Container-based workers (on Kubernetes or ECS) offer a middle ground. You package workers as Docker containers and let the orchestrator handle scaling and deployment. This approach is more complex than plain servers but gives you more flexibility than serverless. You can still handle long-running jobs while getting better resource utilization through automatic scaling.

Putting It Together

Here is how everything works together:
  1. Web server validates the request and creates a job record in your database with status "pending"
  2. Web server pushes a message to the queue containing the job ID (not the full job data)
  3. Web server returns the job ID to the client immediately
  4. Worker pulls message from queue, fetches job details from database
  5. Worker updates job status to "processing"
  6. Worker performs the actual work
  7. Worker stores results (in S3 for files, database for metadata, etc.)
  8. Worker updates job status to "completed" or "failed"
Async Worker Pool Putting It Together
Importantly, each component can fail independently and the system will still function. If the queue goes down, web servers still accept requests and jobs pile up in the database as "pending". When workers crash, jobs stay in the queue until new workers come online. If the database has issues, workers can retry until it recovers.
In interviews, don't overcomplicate this. Pick Kafka (or a queue you know well) for the queue unless there's a specific reason not to. Use regular server processes for workers unless the interviewer pushes for serverless. Focus on showing that you understand the separation of concerns rather than debating the merits of different queue technologies.

When to Use in Interviews

Don't wait for the interviewer to ask about managing long-running tasks. The key is recognizing problems that scream for async processing and proactively suggesting it.
Here are some common signals to watch for that should trigger your thinking about managing long-running tasks:
  1. When they mention specific slow operations - The moment you hear "video transcoding", "image processing", "PDF generation", "sending bulk emails", or "data exports" that's your cue. These operations take seconds to minutes. Jump in immediately: "Video transcoding will take several minutes, so I'll return a job ID right away and process it asynchronously."
  2. When the math doesn't work - If they say "we process 1 million images per day" and you know image processing takes 10 seconds, do the quick calculation out loud: "That's about 12 images per second, which means 120 seconds of processing time per second.

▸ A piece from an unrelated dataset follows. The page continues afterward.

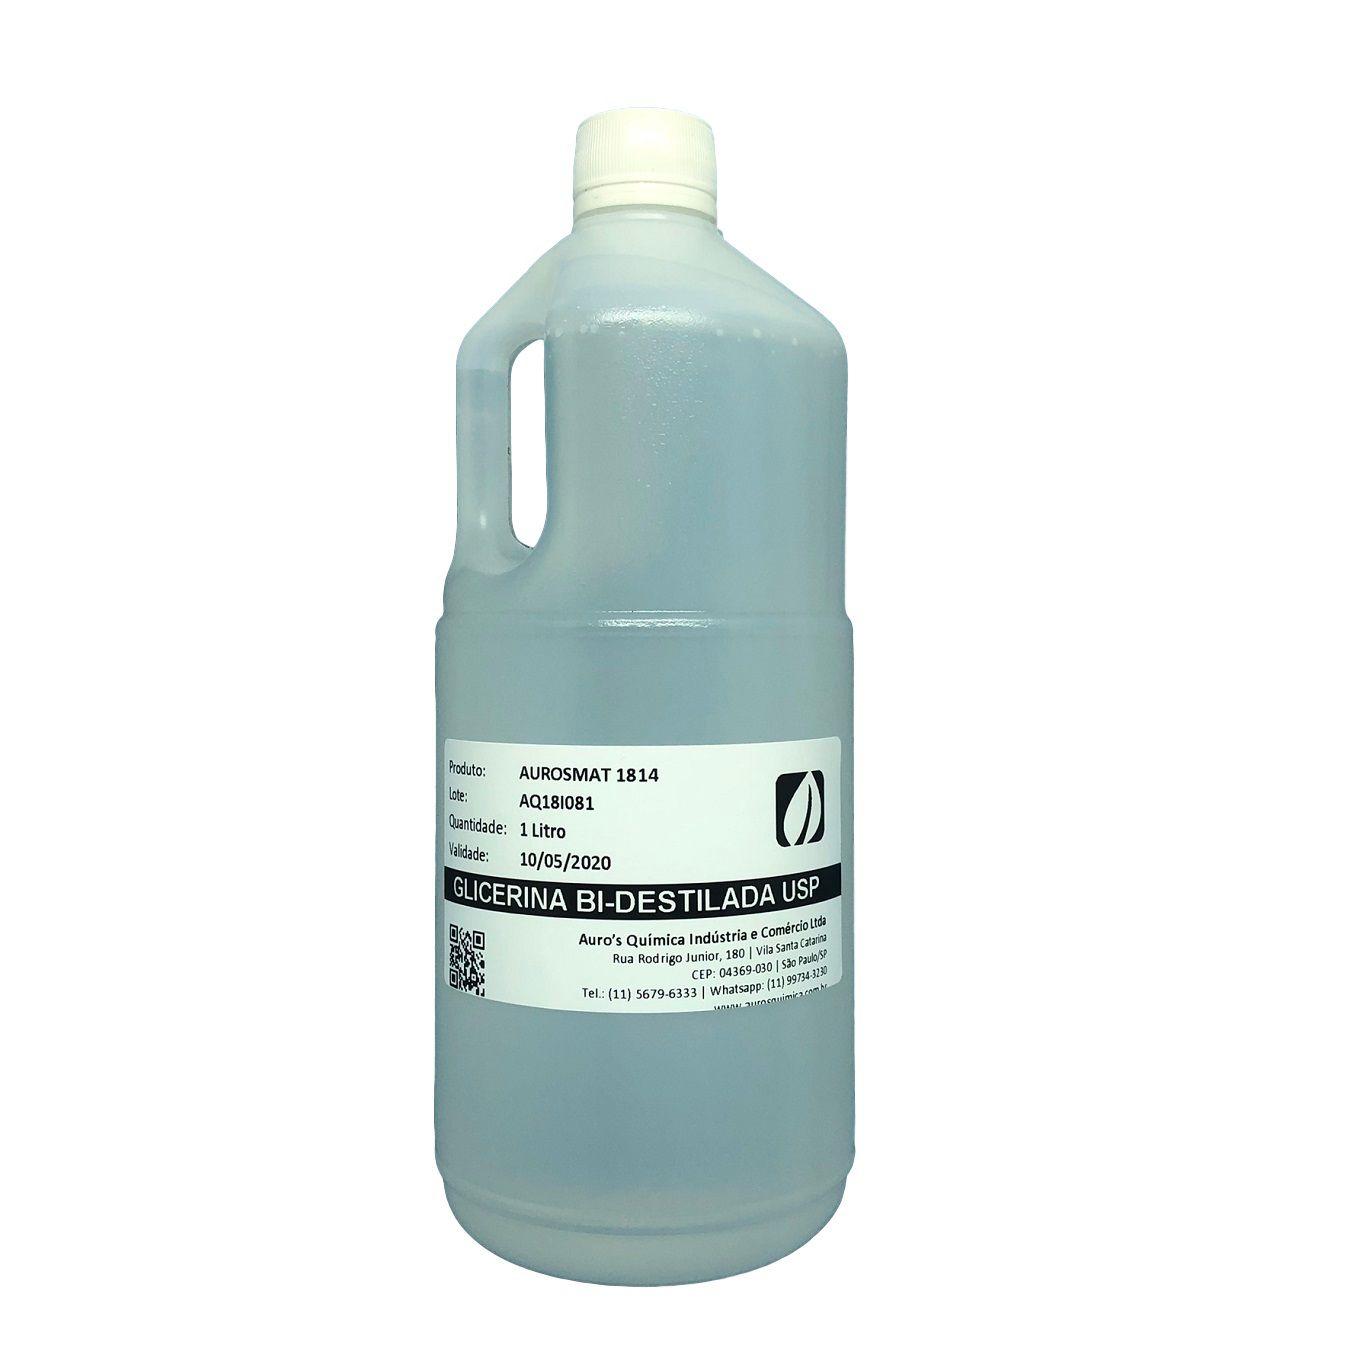 Kit E-Liquid (Glicerina USP + Propilenoglicol USP)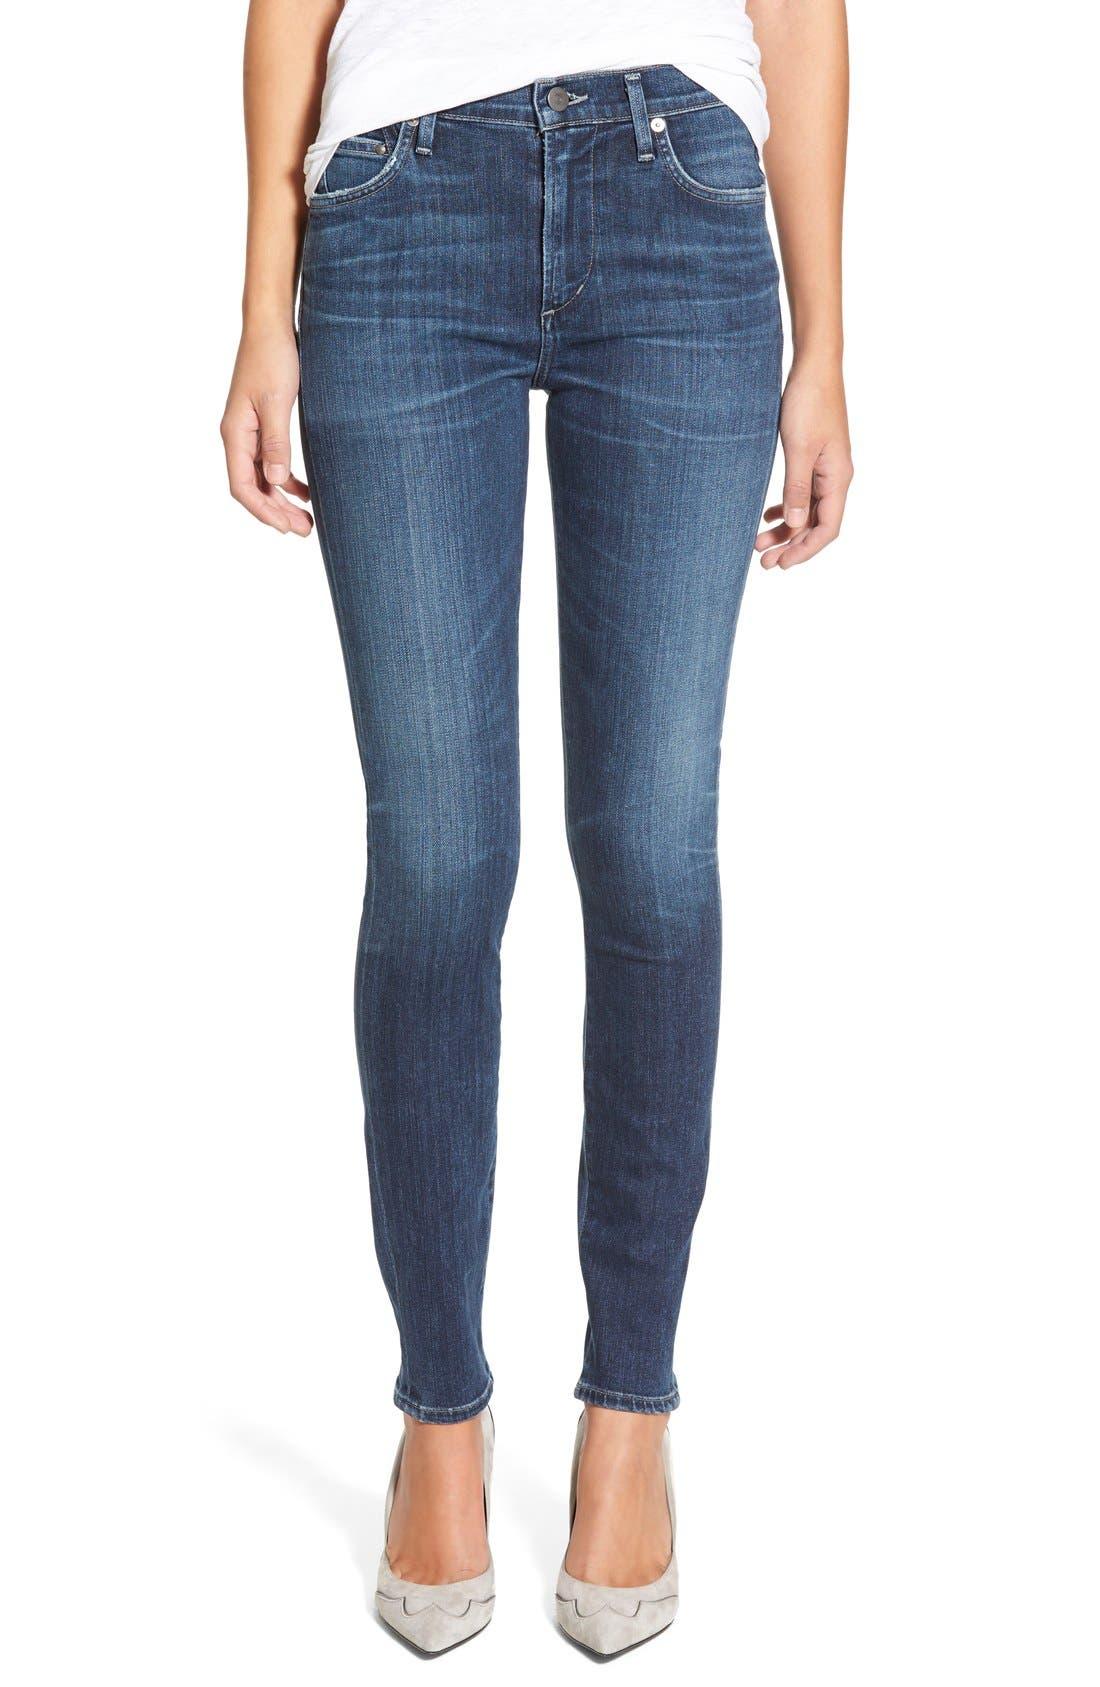 Rocket High WaistSkinny Jeans,                         Main,                         color, Albion

We'd need 120+ servers just for image processing. I'll use async workers instead."
  3. When different operations need different hardware - If the problem involves both simple API requests and GPU-heavy work (like ML inference or video processing), that's a clear async signal. "We shouldn't run GPU workloads on the same servers handling login requests. I'll separate these with async workers on GPU instances."
  4. When they ask about scale or failures - Questions like "what if a server crashes during processing?" or "how do you handle 10x traffic?" are perfect openings to introduce async workers. "With async workers, if one crashes mid-job, another worker picks it up from the queue. No user requests are lost."
The skill is being proactive. You should be the one pointing out that operations will take too long, not waiting for them to ask. This shows system design maturity, you're thinking about timeouts, resource utilization, and user experience before they even bring up these concerns.

For Example

Let's look at how managing long-running tasks shows up in popular system design interview questions. For each of these, we have detailed breakdowns showing exactly how async workers fit into the broader system design:
YouTube/Video Platforms - Video upload triggers multiple async jobs: transcoding to different resolutions (1080p, 720p, 480p), generating thumbnails, extracting closed captions, running content moderation. Each video might need hours of processing across multiple workers.
Instagram/Photo Sharing - Photo uploads spawn async tasks for generating multiple sizes, applying filters, extracting metadata, running image recognition for tags, and checking content policy. The fan-out problem also uses async workers: when someone with millions of followers posts, workers propagate that post to follower feeds.
Uber/Ridesharing - Ride matching runs asynchronously. The user sees "Finding drivers near you..." while workers evaluate driver availability, calculate optimal routes, and determine pricing. Driver location updates also process through async workers to update rider apps without overloading the main API.
Stripe/Payment Processing - Payment APIs return immediately with a pending status. Async workers handle the actual charge attempt, fraud detection, 3D Secure verification, and webhook notifications. This isolation prevents slow bank APIs from blocking the merchant's checkout flow.
Dropbox/File Sync - File uploads trigger async processing: virus scanning, indexing for search, generating previews, and syncing to other devices. Large files might take minutes to process, but the upload API returns immediately.
Notice the pattern: any operation involving heavy computation, external API calls, or fan-out to multiple users benefits from async processing. If the interviewer mentions any of these scenarios, managing long-running tasks should be part of your solution.

Common Deep Dives

As you already know, interviewers love to catch you off guard and need to dig. Here are the five common areas of exploration, along with how to handle each one. It may be that you bring these up proactively, or they may be asked of you.

Handling Failures

Your interviewer might start with a basic question like "what happens if the worker crashes while working the job?" The answer is pretty simple if we've been following the pattern. The job will be retried by another worker.
But how do we know the worker crashed? Typically, you'll have a heartbeat mechanism that periodically checks in with the queue to let it know that the worker is still alive. If the worker doesn't check in, the queue will assume it's dead and will retry the job.
The interval of the heartbeat is a key design decision. If it's too long, crashes will mean the jobs are significantly delayed (the queue will optimistically assume the worker is still alive for much longer than it actually is). If it's too short, you'll be sending a lot of unnecessary messages to the queue or worse, you may mark jobs as failed when in fact they're still running (e.g. a garbage collection pause).
Each queue system has a different way of handling this. For example, in SQS, you can set a visibility timeout. In RabbitMQ, you can set a heartbeat interval. In Kafka, you can set a session timeout. Choose the longest interval that is permissible by your users/clients in terms of extra delay. For most systems, 10-30 seconds is a good starting point.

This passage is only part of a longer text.